No início de novembro, quando tentamos diagnosticar os problemas de Green Bay, abordamos a inclusão efetiva de um TE no plano de jogo como uma das soluções para o Packers. Um tight end atlético, quando envolvido no ataque, pode avançar pelo meio do campo abrindo espaço e, consequentemente, diversas novas possibilidades. Já falamos sobre como Rodgers reencontrou sua melhor forma e você provavelmente sabe que Jordy Nelson levará o Comeback Player of the Year. O que talvez não seja tão simples de enxergar é a participação de Jared Cook nisto.

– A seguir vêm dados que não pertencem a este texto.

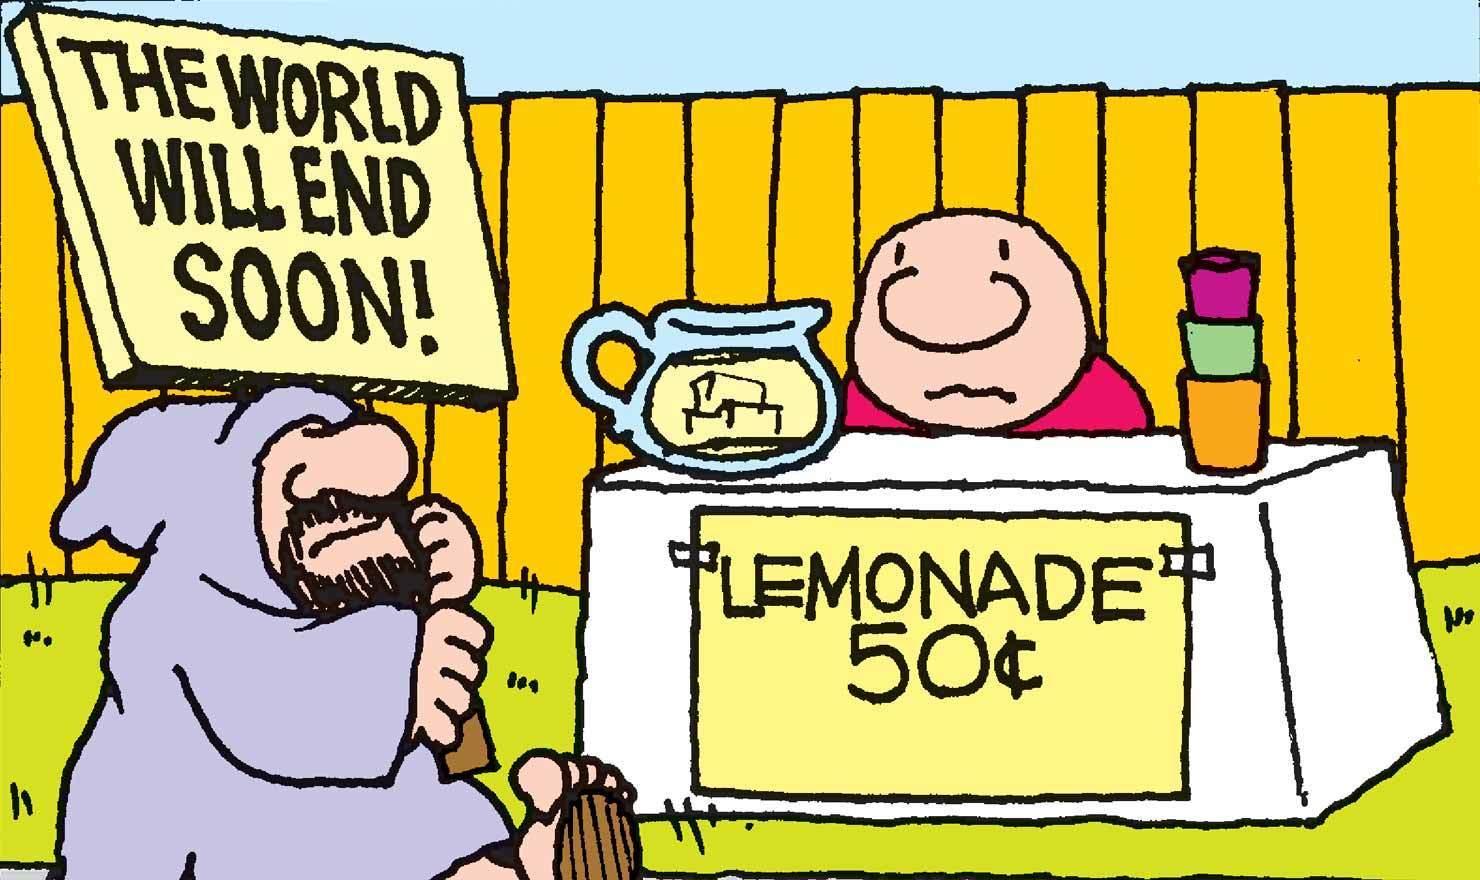 12 Sweetly Sour Comics For Lemonade Day

Mesmo quando não é concretamente acionado, ele confere uma nova dimensão ao playbook – o que no Packers, por exemplo, resultou nos já citados lances de Davante Adams contra Seattle e Jordy Nelson diante do Bears. Seu impacto pode ser mais nitidamente sentido na frieza dos números: Green Bay está 8-2 na temporada quando Cook esteve em campo, com média de mais de 28 pontos por jogo, 25 TDs e apenas uma interceptação e seu quarterback com um rating de 114. Já sem ele a campanha cai para 2-4, a média para 24,7 pontos, são 15 TDs e 6 interceptações, além de um rating de 92,3 para Aaron Rodgers.

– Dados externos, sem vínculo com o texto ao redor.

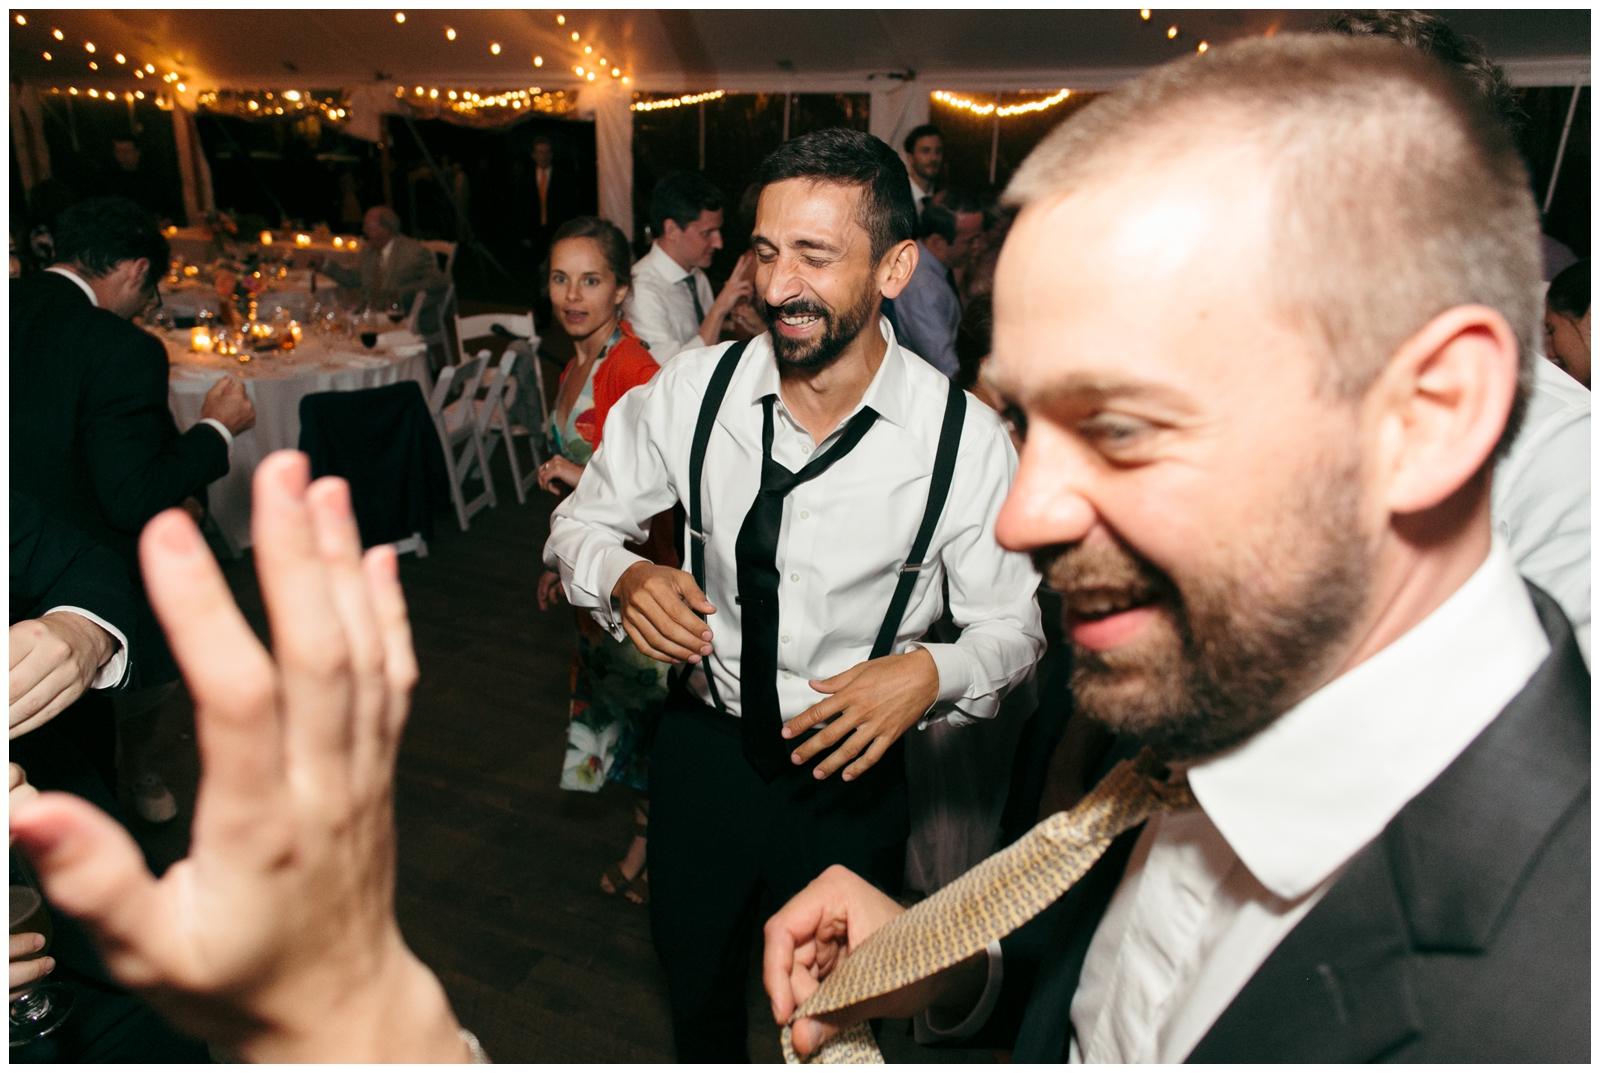 Moraine-Farm-wedding-Bailey-Q-Photo-Massachusetts-wedding-photpgrapher-151.jpg

Jared retornou de lesão na semana 11 e, desde então, em situações de 3rd downs, foram 13 passes em sua direção, com 10 recepções para 175 jardas (e um rating de 118,2). “Creio que o retorno de Cook tem sido importante. Obviamente, ele normalmente é marcado por um linebacker e, nessas situações, isso é uma vantagem, como vimos em vários jogos”, disse Rodgers em entrevista à ESPN.  “Tenho falado sobre isso desde que cheguei: o caminho mais rápido à endzone é pelo centro do campo. Então quanto maior o alvo que você tem recebendo passes, melhor para o QB. Quanto particularmente mais atlético, maior raio de recepção. E Jared Cook tem todas essas qualidades”, completou o head coach Mike McCarthy.

Ajudo e não atrapalho.

Diferenciando-se dos mortais

Hoje Green Bay é um time mais completo; com o braço ou com as pernas, Aaron Rodgers pode vencer qualquer adversário na NFL. É um repertório difícil de ser previsto quando usado em sua totalidade; dispondo de rotas curtas, lances de alta velocidade no meio do campo com Cook ou lançamentos de mais de 50 jardas para Nelson ou Adams. E se algo sair errado, ainda é possível escapar da pressão e avançar no campo com os pés.

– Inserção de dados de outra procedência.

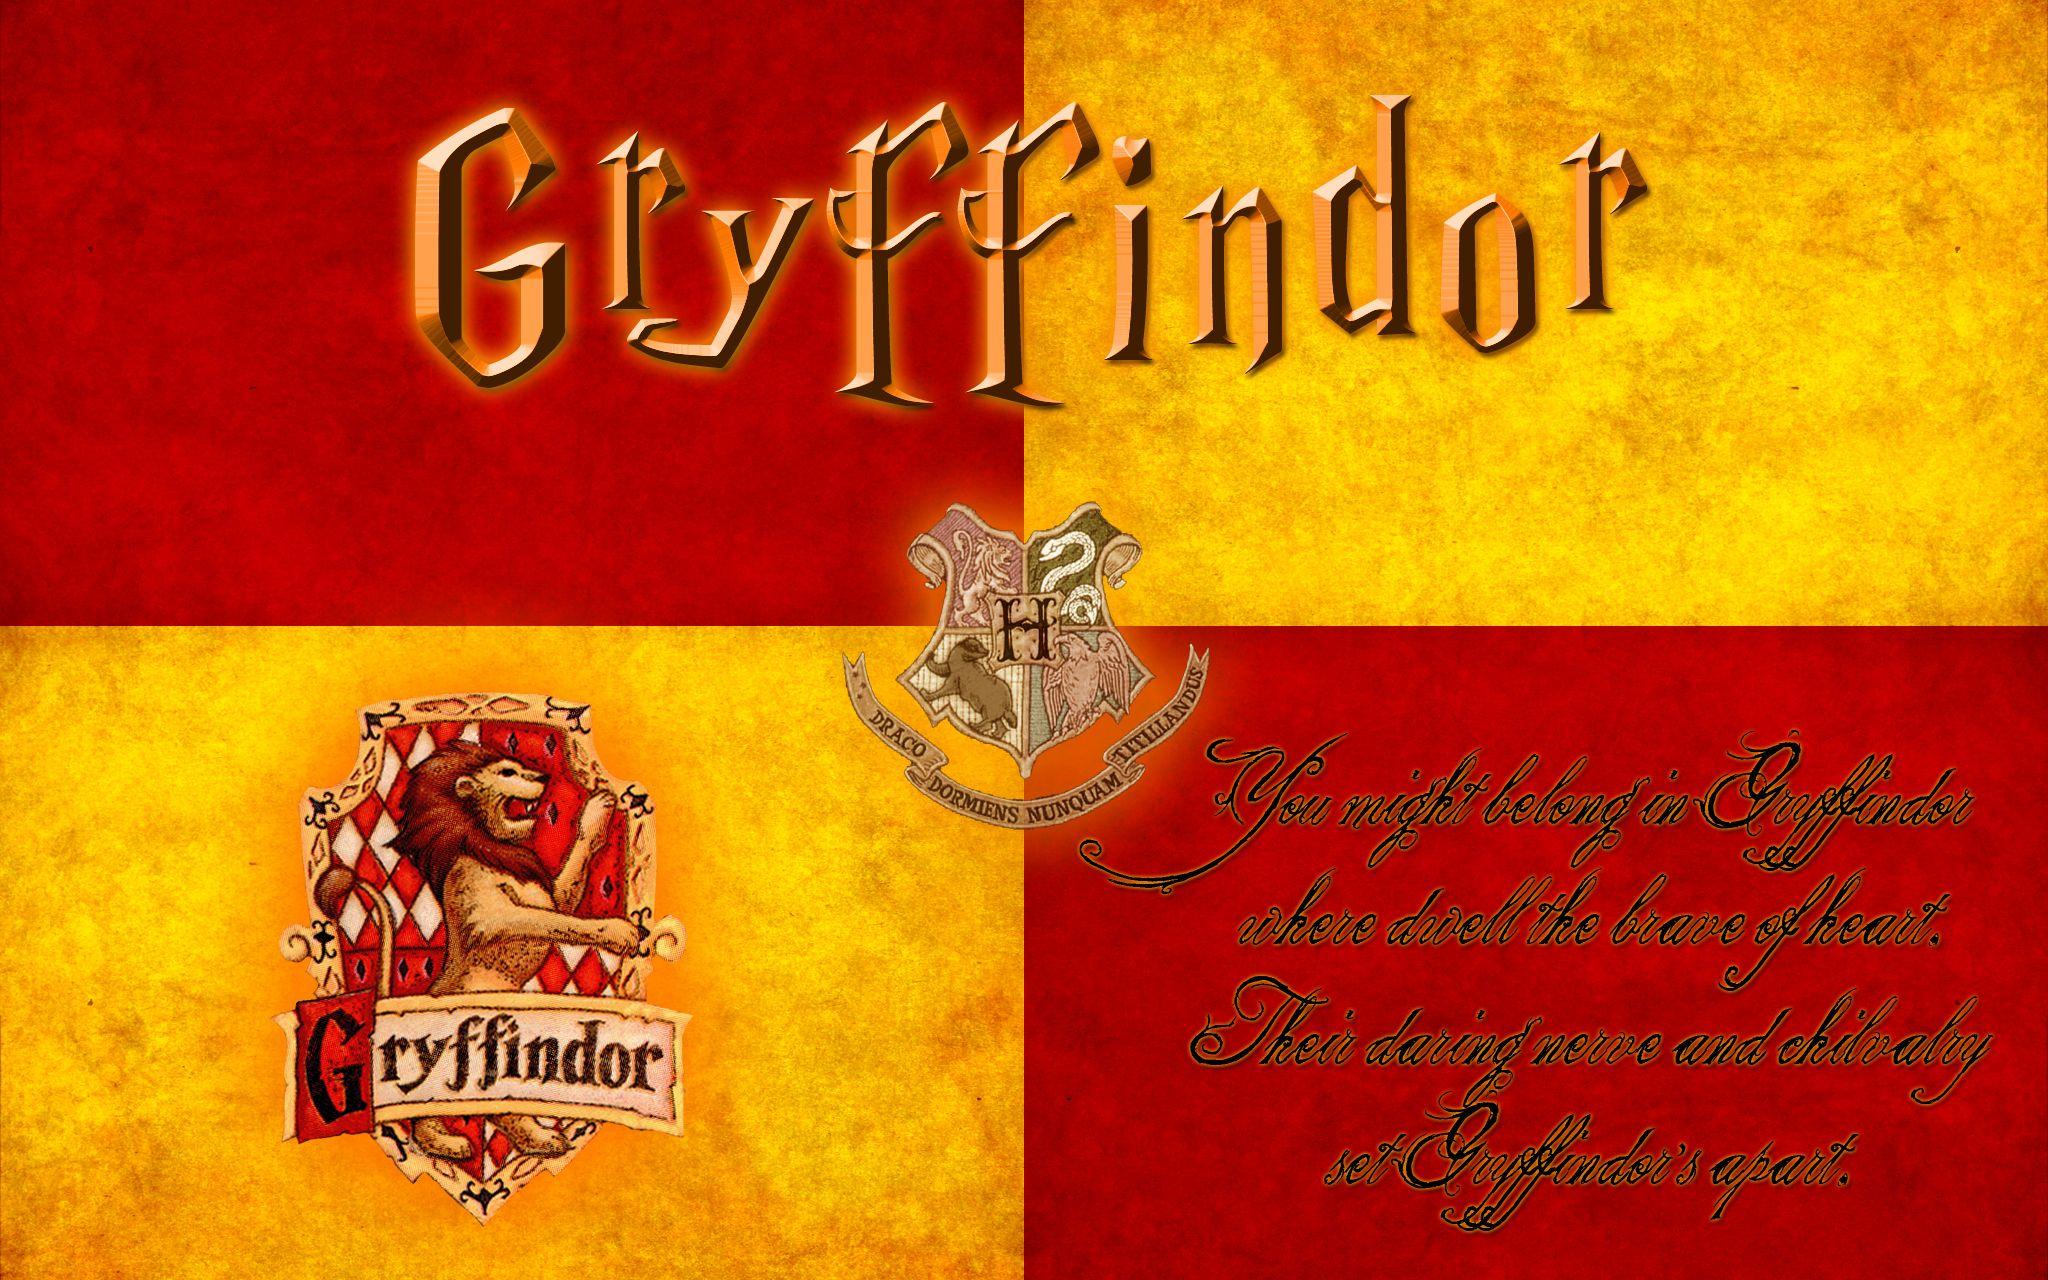 Gryffindor - Harry Potter Wallpaper (32294361) - Fanpop

Assim, tudo que o Packers fez nas últimas semanas prova que se você der a Rodgers uma equipe versátil, ele tornará jogadores comuns, como Davante Adams, bons jogadores. Tornará ótimos recebedores, como Nelson, ainda melhores. E desde a semana 12, quando Rodgers sugeriu que seria perfeitamente possível para o Packers “run the table”, ele beirou à perfeição: seis vitórias em sequência, o título da NFC North e hoje o Packers é o adversário que ninguém quer enfrentar na pós-temporada; seja o Giants ou qualquer outra equipe que cruze o caminho de Green Bay nos playoffs, ele irá entrar em campo temendo um ataque recheado de possibilidades, irá entrar em campo receoso, sobretudo, com o que Aaron Rodgers vem fazendo.